Faire face à l’émergence de maladies infectieuses est un défi majeur de santé publique au XXIe siècle. Dix-sept pour cent des maladies infectieuses sont d’origine vectorielle, c’est-à-dire qu’elles sont causées par des agents infectieux transmis à l’Homme ou aux animaux par des vecteurs arthropodes tels que les culicoïdes, les phlébotomes, les tiques ou les moustiques (sur lesquels cet article sera focalisé).
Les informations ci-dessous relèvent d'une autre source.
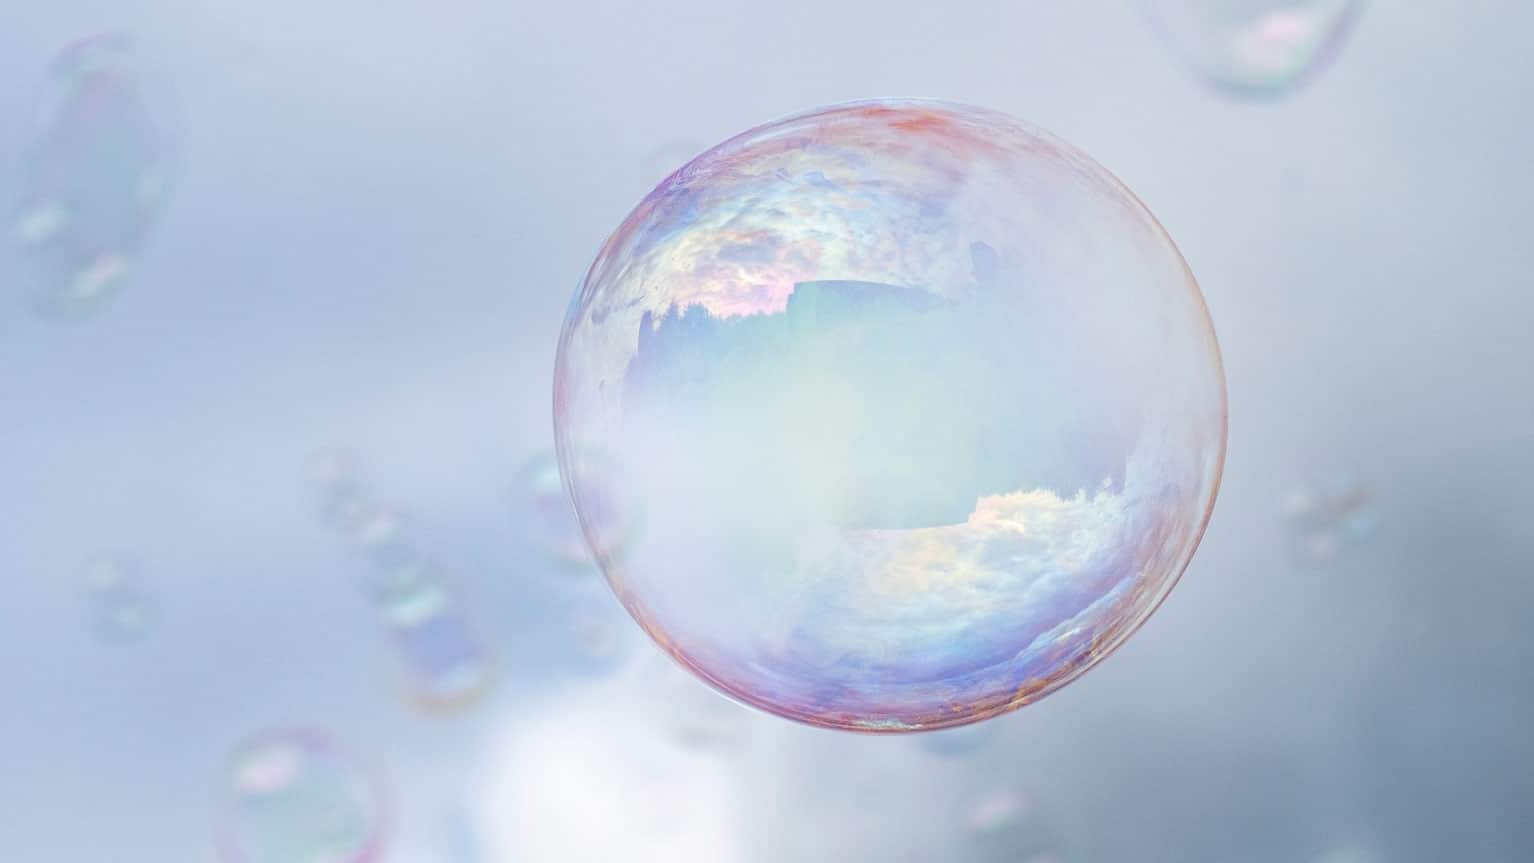 Popping Bubbles  Bubbles photography, Bubbles, Soap bubbles

Moustique tigre (Aedes-albopictus).

Depuis 50 ans, non seulement le nombre et la fréquence des épidémies dues aux maladies vectorielles augmentent mais elles touchent aussi des zones géographiques nouvelles, hors de la ceinture tropicale où elles circulent habituellement. L’augmentation des flux touristiques et économiques accélère la dissémination des Hommes/animaux, des agents infectieux et des vecteurs. Ces facteurs, associés à l’accroissement de la population mondiale, à l’évolution des pratiques agricoles, à l’urbanisation et au changement climatique favorisent l’essor des maladies vectorielles. Les maladies vectorielles sont généralement associées à une morbidité importante et l’Organisation Mondiale de la Santé estime qu’elles sont responsables de plus de 700000 décès chaque année.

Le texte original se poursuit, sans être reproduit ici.